Print the listing exactly as it stands, and skip any pictures in it.

- DATASET EXTRACT -

----

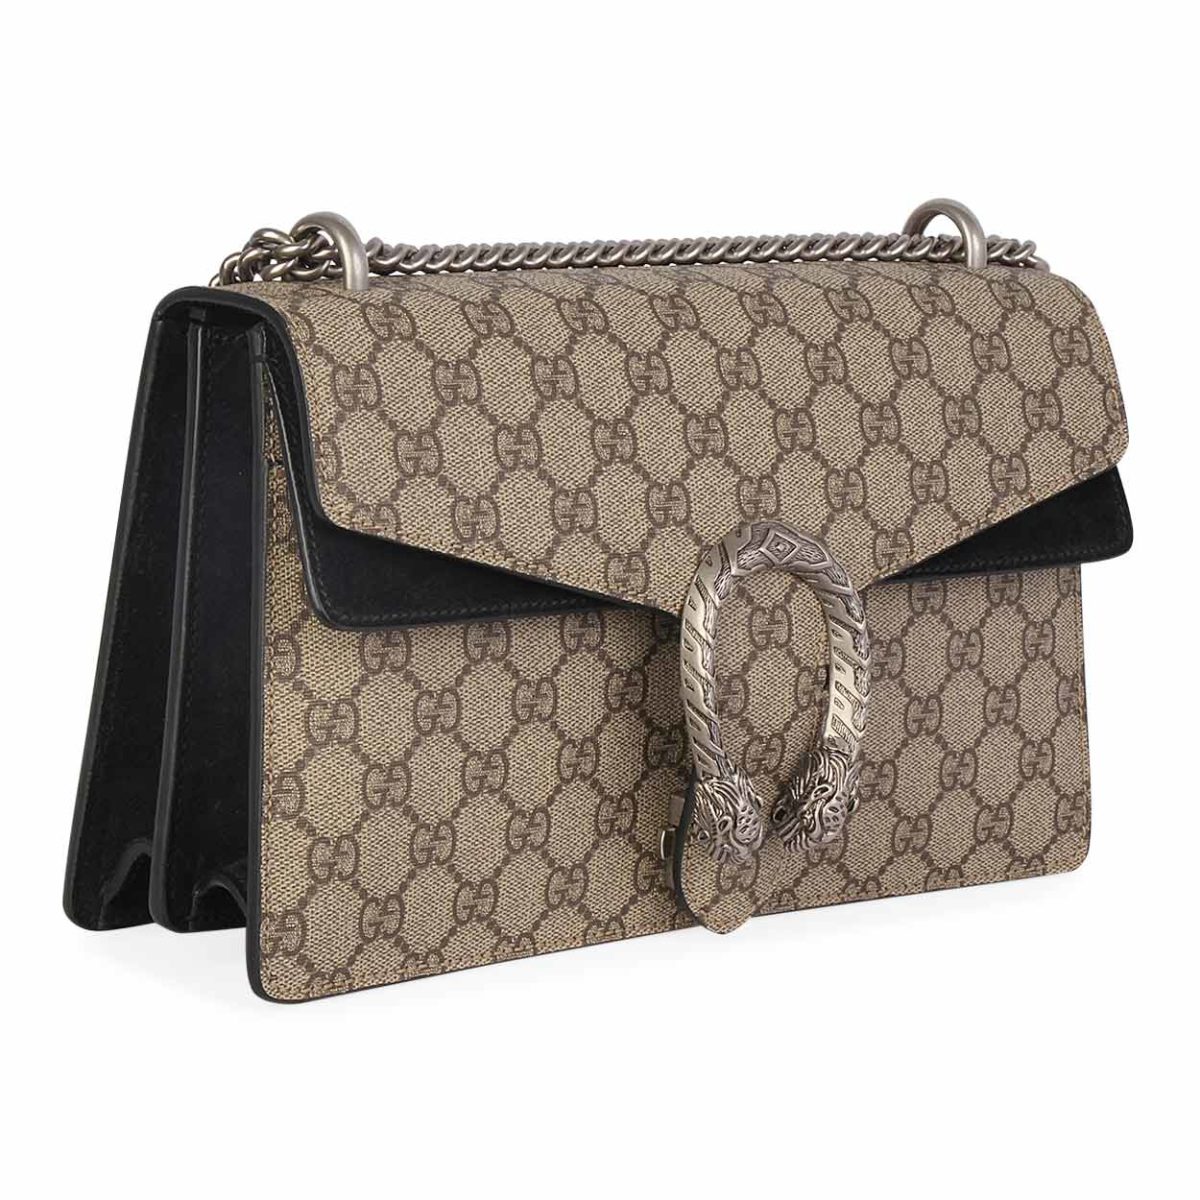 GUCCI GG Supreme Dionysus Small Shoulder Bag Beige | Luxity
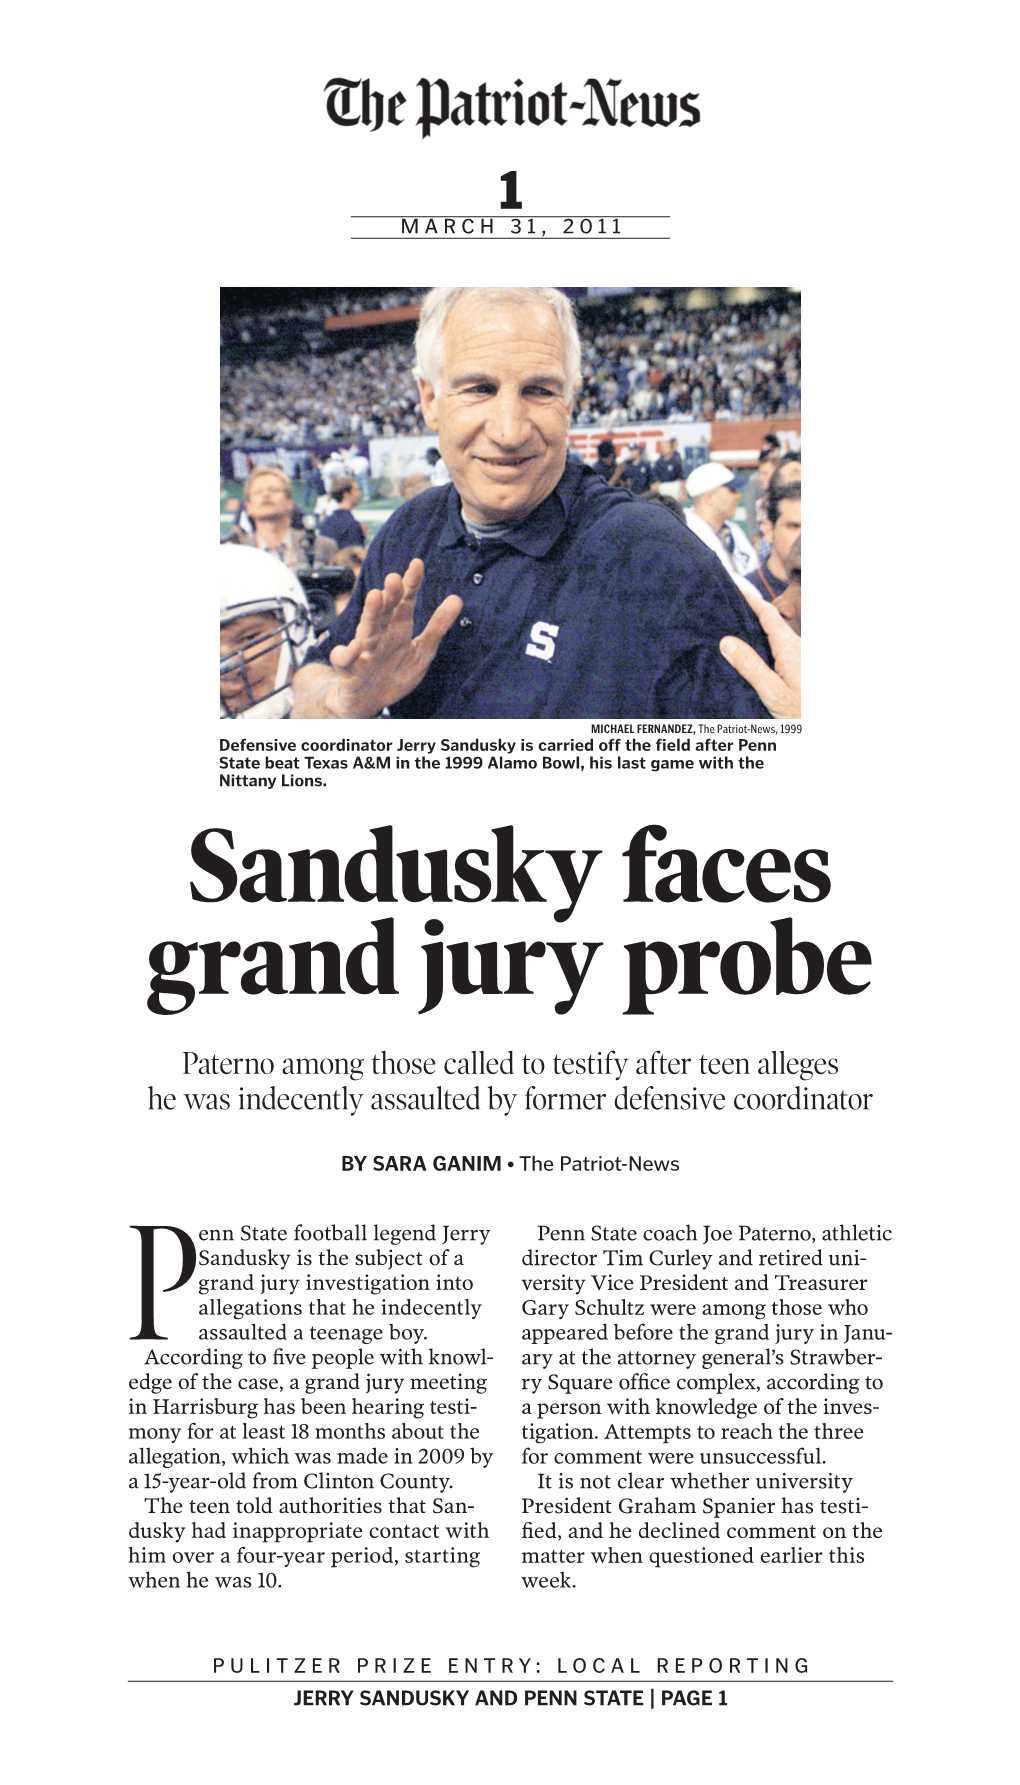 Sandusky Faces Grand Jury Probe Paterno Among Those Called to Testify After Teen Alleges He Was Indecently Assaulted by Former Defensive Coordinator
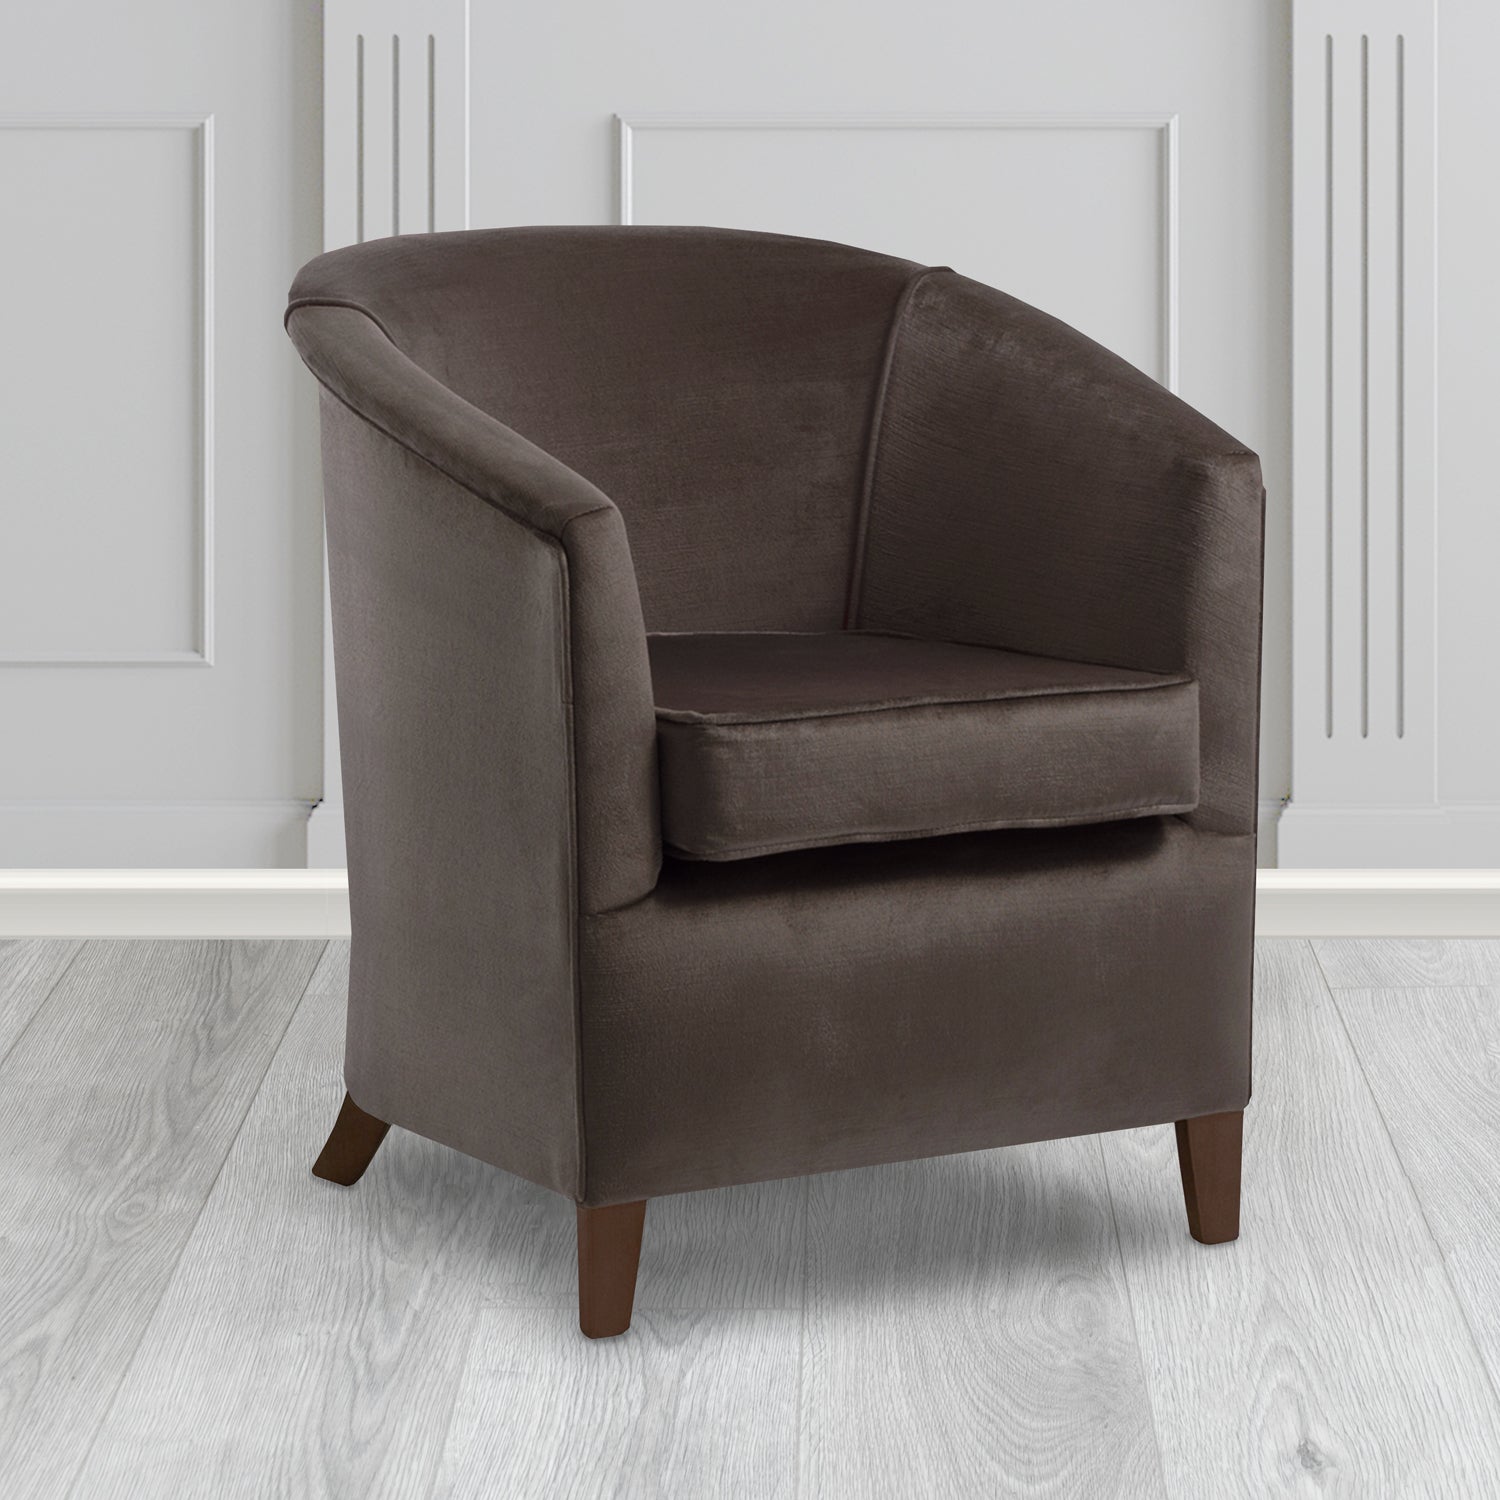 Jasmine Tub Chair in Noble 903 Charcoal Crib 5 Velvet Fabric - Water Resistant - The Tub Chair Shop

----

- RESPONSE TO THIS EXERCISE -
 GUCCI GG Supreme Dionysus Small Shoulder Bag Beige | Luxity
 Sandusky Faces Grand Jury Probe Paterno Among Those Called to Testify After Teen Alleges He Was Indecently Assaulted by Former Defensive Coordinator
 Jasmine Tub Chair in Noble 903 Charcoal Crib 5 Velvet Fabric - Water Resistant - The Tub Chair Shop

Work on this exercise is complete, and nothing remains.